This article is an edited transcript of The Silk Roads with Peter Frankopan available on History Hit TV.
Today, we are constantly reading in the press about Facebook and about globalisation. And so we have this idea that the world is only now connected.
But in Constantinople, as long ago as the Middle Ages, the areas of interest stretched from Iceland to the Pillars of Hercules in Gibraltar and right the way through the Himalayas and into China.
Ancient connections
This world where ideas, influences, technologies, textiles and spices could all be shared, appears to have always hung together much more closely than we think.
In the distant past – two, three, four millennia ago – you can find exchanges of these things being conducted over very long distances. Indeed, the ability to communicate with each other is what marks humans out as being particularly interesting.
But above all, it’s our curiosity that distinguishes us. We’re intensely interested in finding the most tasty food products, the best places to go skiing or the most accurate timetables for trains in India.
We accumulate information. We love gathering data points. It is what defines us as a species.
And thousands of years ago, our ancestors were no different.
Shifting Centres
The Latin meaning of Mediterranean is “middle of the earth”, in the sense that it is the sea in the centre of the world. It’s a not a particularly important sea but it separates three continents and we’ve prioritised it as being something akin to the cradle of civilization.

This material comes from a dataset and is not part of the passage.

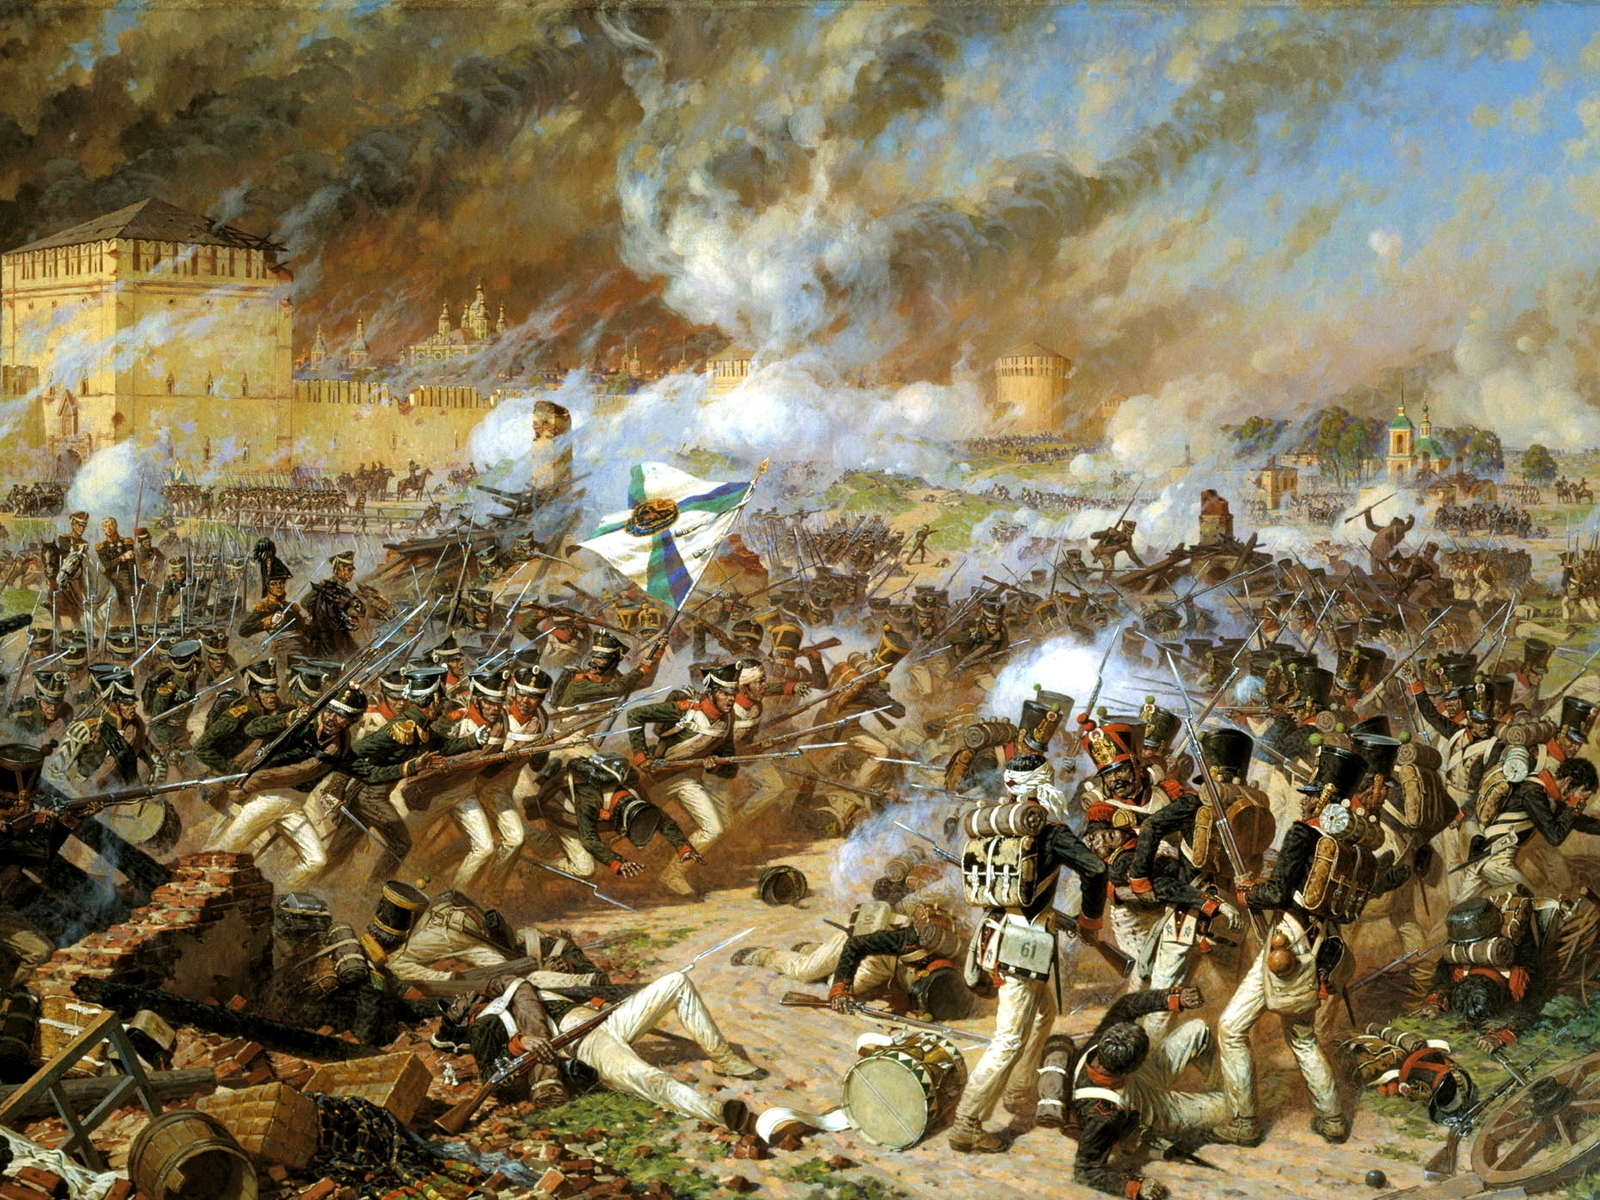 War Scene Paint for 1600 x 1200 resolution

Interestingly, the most common Sinitic name for China is “Zhongguo”, which means exactly the same thing – the centre of the world.

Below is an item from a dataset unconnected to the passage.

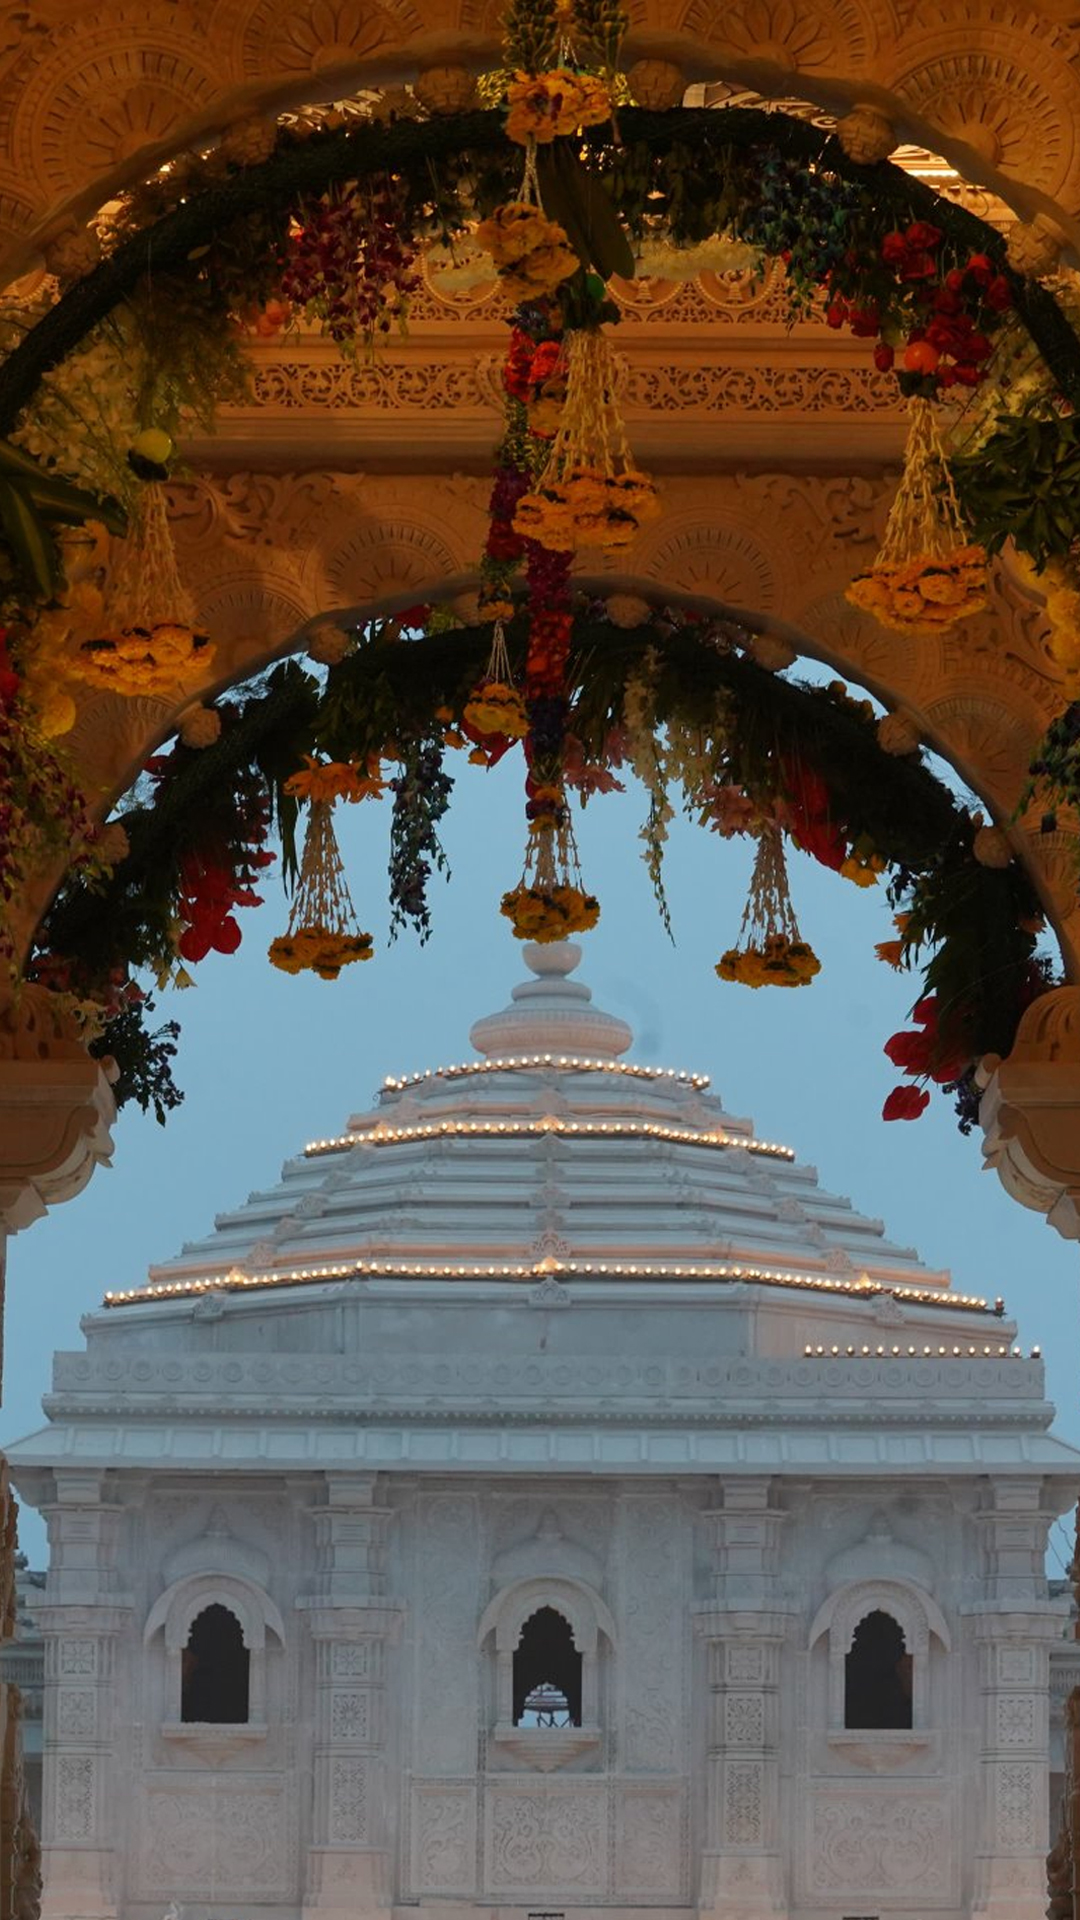 Ram Mandir beautifully decorated, illuminates in saffron lights ahead of 'Pran Pratishtha'

But different people have different perceptions about where the centre of the world is.
One of my road to Damascus moments was in Istanbul, many years ago. I saw a map in the library at Topkapı, where the maps tend to be centred on whichever place the cartographer thinks is the centre of the world. This map, a very famous 11th-century document, has a city called Balasagun at its centre.

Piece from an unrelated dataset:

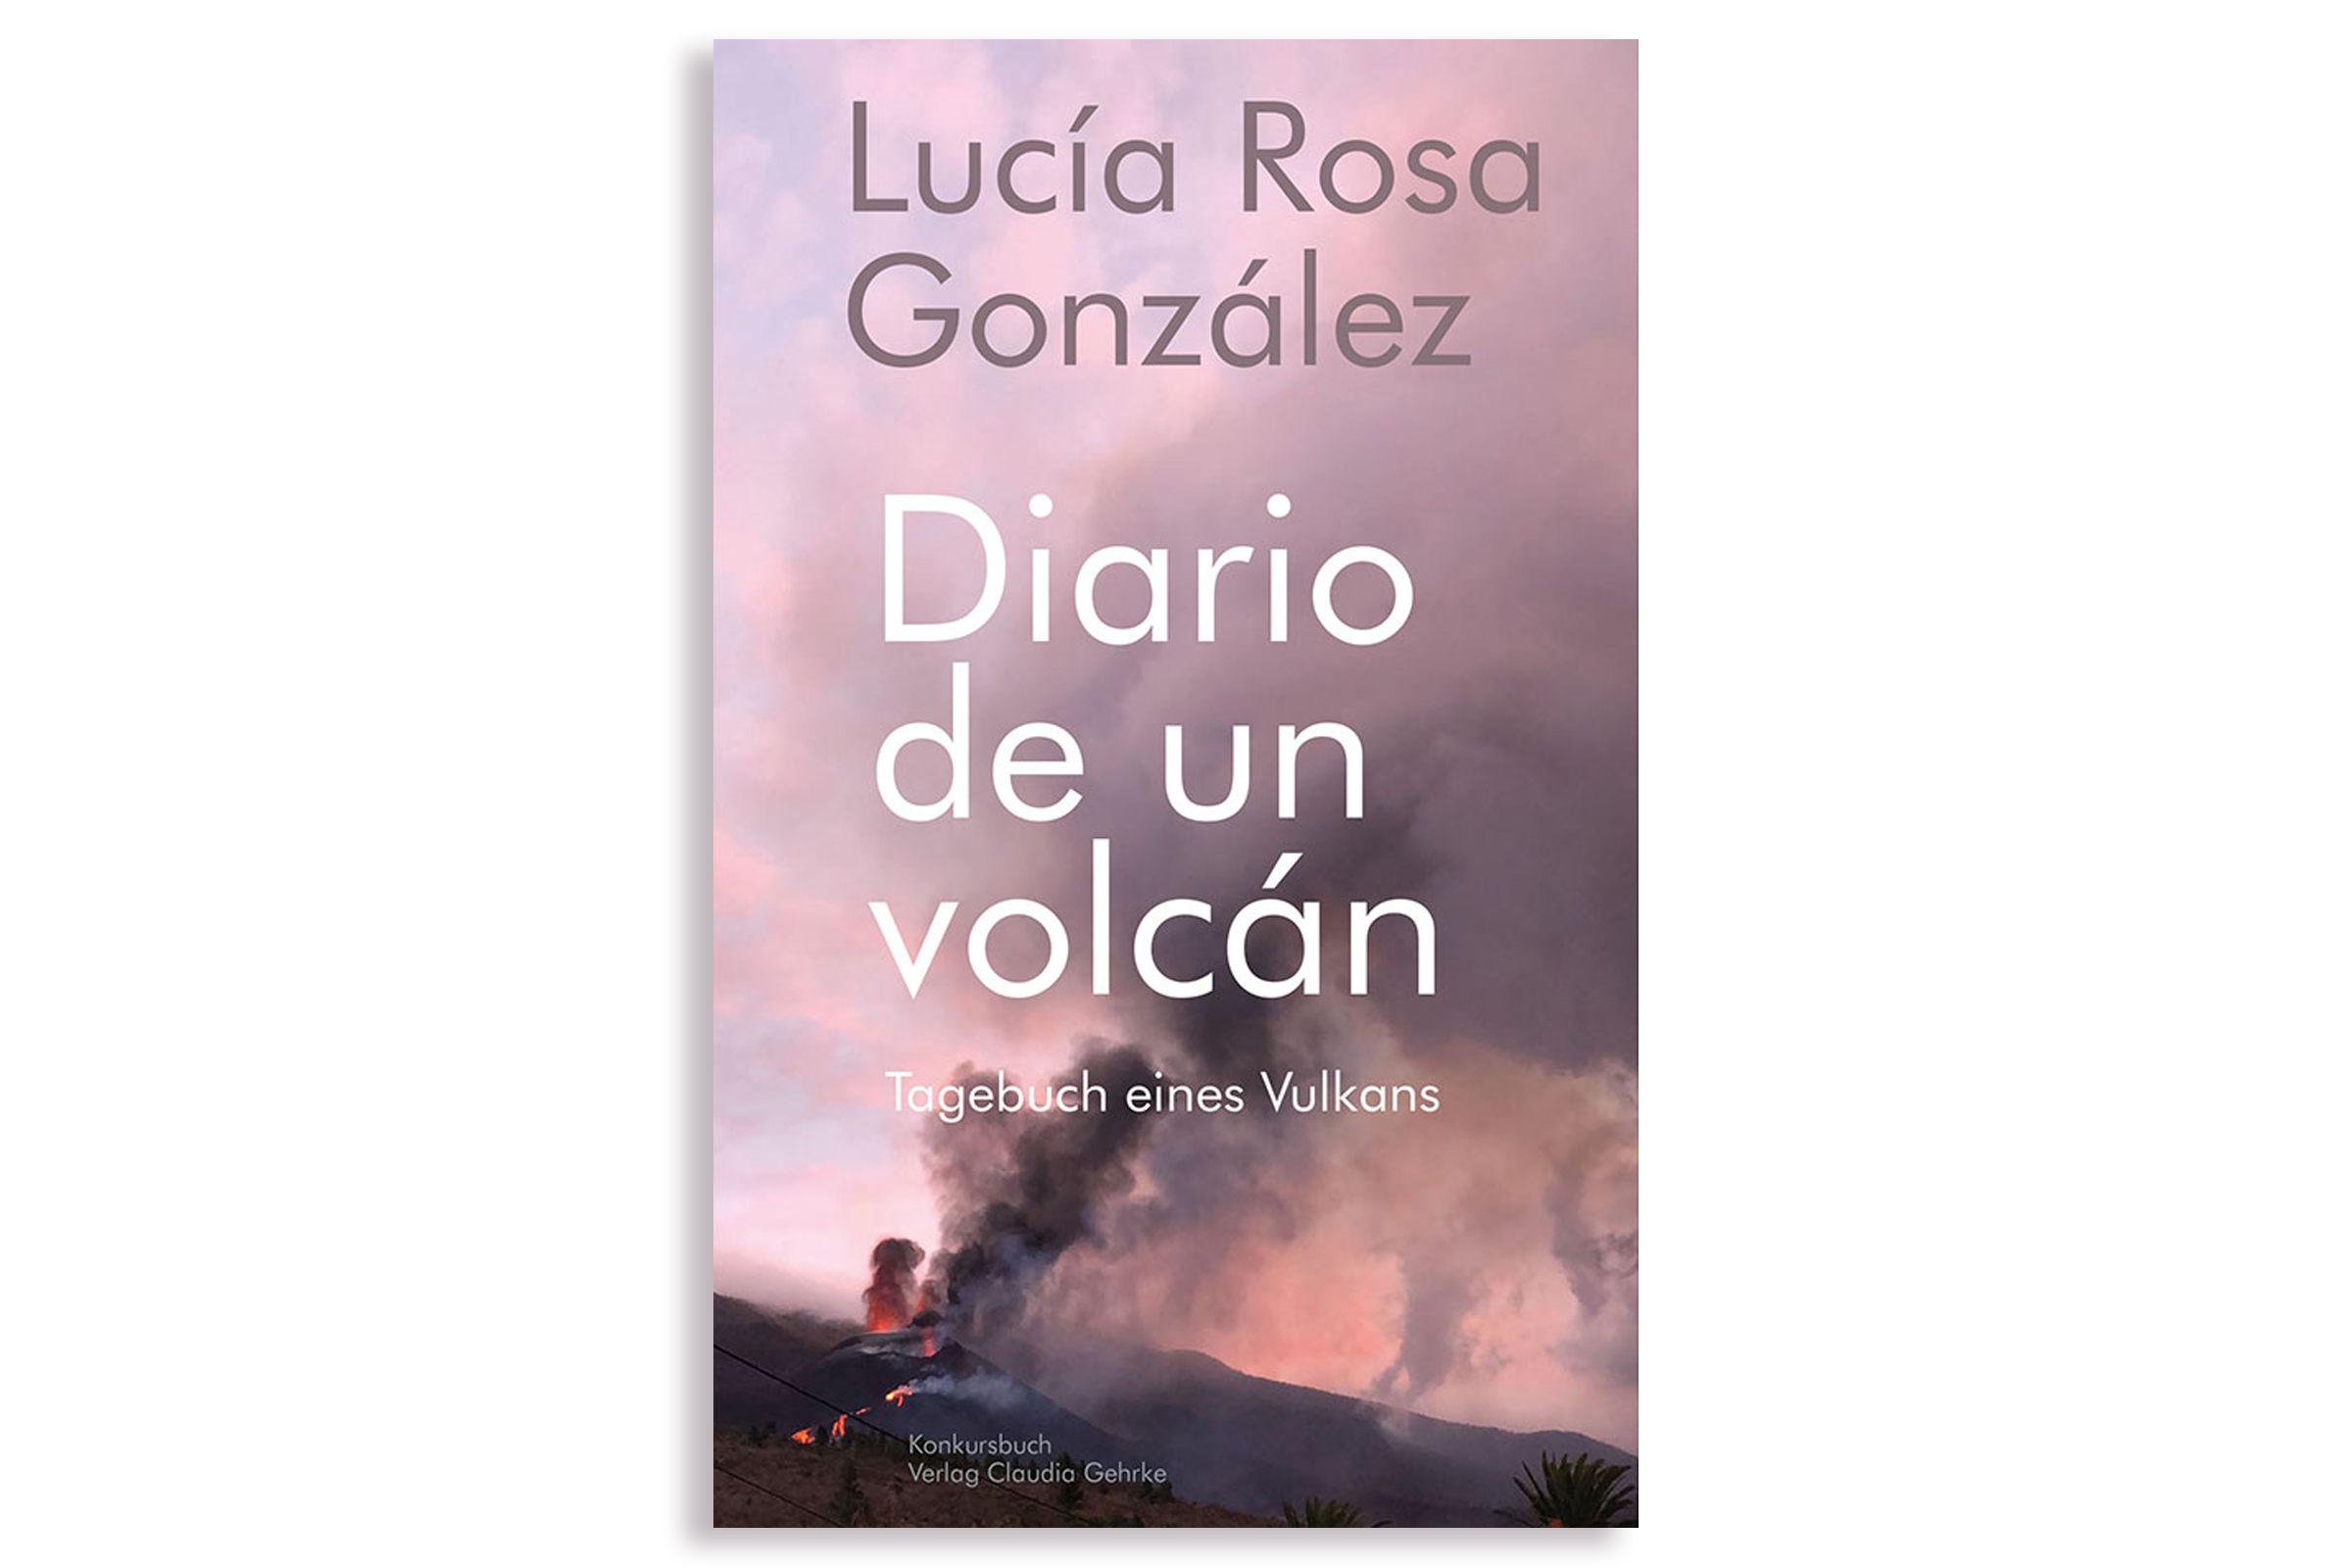 tagebuch-eines-vulkans-lucia-rosa-gonzalez-la-palma-konkursbuch-verlag-claudia-gehrke----

I asked everybody I met where Balasagun was. I’d never heard of it before.
It had never crossed my mind that other people’s centre of the world was not the same as mine, that it might not be the same centre of the world that had been taught to me in school. In fact, modern historians didn’t even know where Balasagun was until the 1980s.
Incidentally, it’s in modern-day Kyrgyzstan, although whether we found the right one remains a matter of debate. Despite that, Soviet archaeologists have almost certainly got it right.
One of the things we take as a given is our wonderful education system here in the West.
But of course, 500 or 1,000 years ago, the Oxfords and Cambridges and the Harvards and Yales of the world weren’t in Europe or in the United States, they were in places like Bukhara and Kabul – places that might have quite negative connotations today, places that we often link in the West with violence and terrorism.
These parts of the world once attracted the best scholars from all over the world to come and research science, mathematics and philosophy.
It’s an important part of our own educational process to really appreciate that other places have led the world’s intellectual and cultural development. And that perhaps the battle we took on a few hundred years ago will, in due course, be passed on to somebody else.